● **Task objective**: Apart from the pictures, print the data below exactly as given.

● **Source material**:
Segment Open
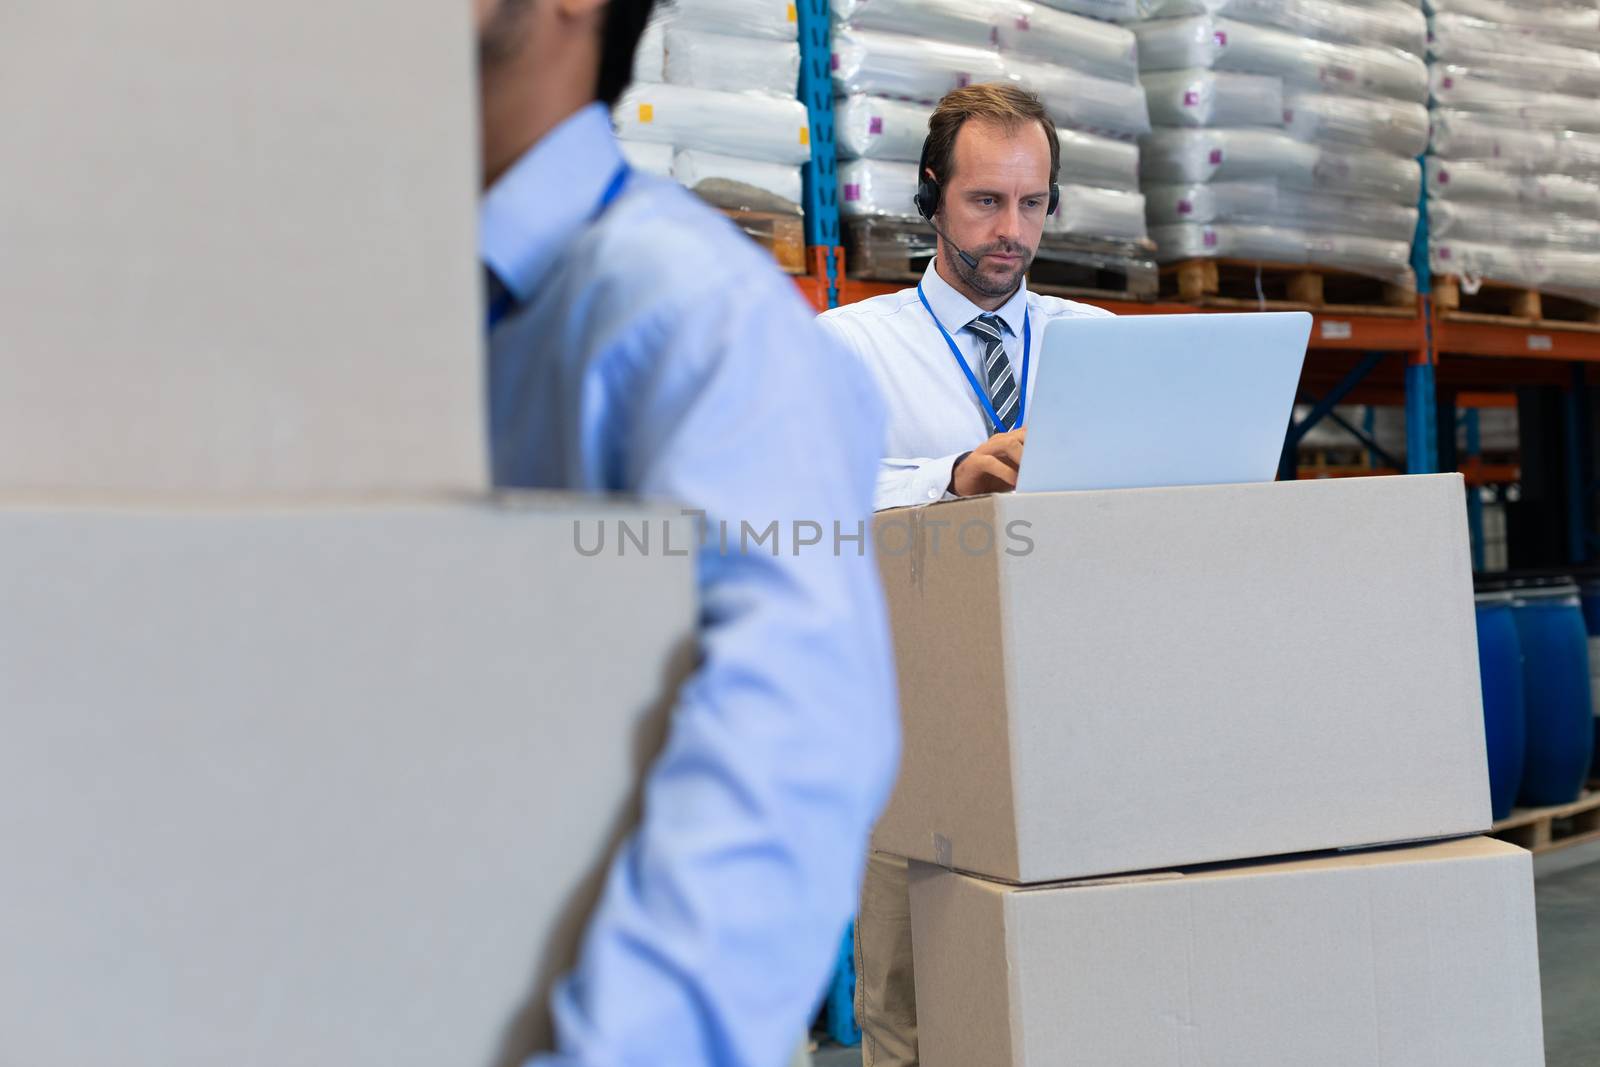 Front view of handsome mature Caucasian male supervisor with headset working on laptop in warehouse. Asian male worker holding cardboard boxes on the foreground. This is a freight transportation and distribution warehouse. Industrial and industrial workers concept
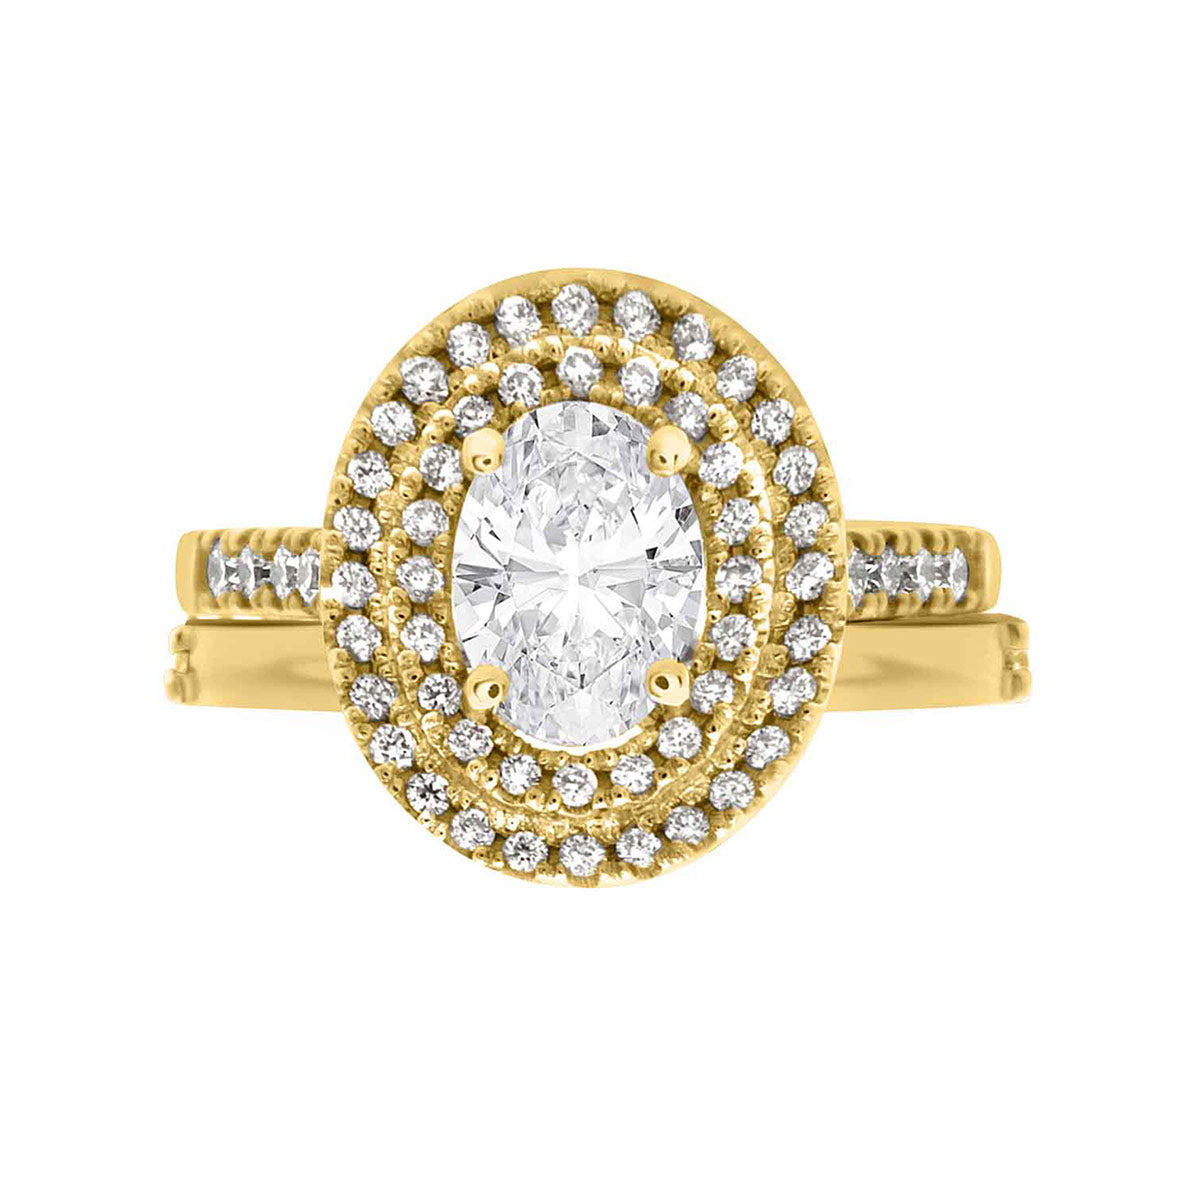 Double Halo Oval Engagement Ring In yellow gold with a matching yellow gold wedding ring
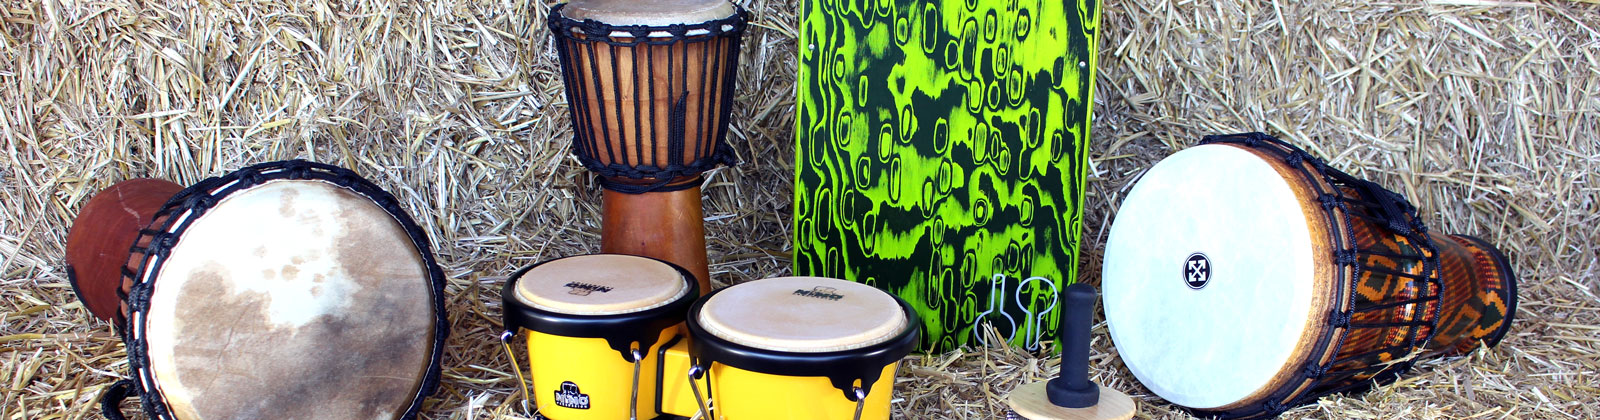 Drums - und Percussion
Segment Closed
● **Response to this exercise**:
 Front view of handsome mature Caucasian male supervisor with headset working on laptop in warehouse. Asian male worker holding cardboard boxes on the foreground. This is a freight transportation and distribution warehouse. Industrial and industrial workers concept
 Double Halo Oval Engagement Ring In yellow gold with a matching yellow gold wedding ring
 Drums - und Percussion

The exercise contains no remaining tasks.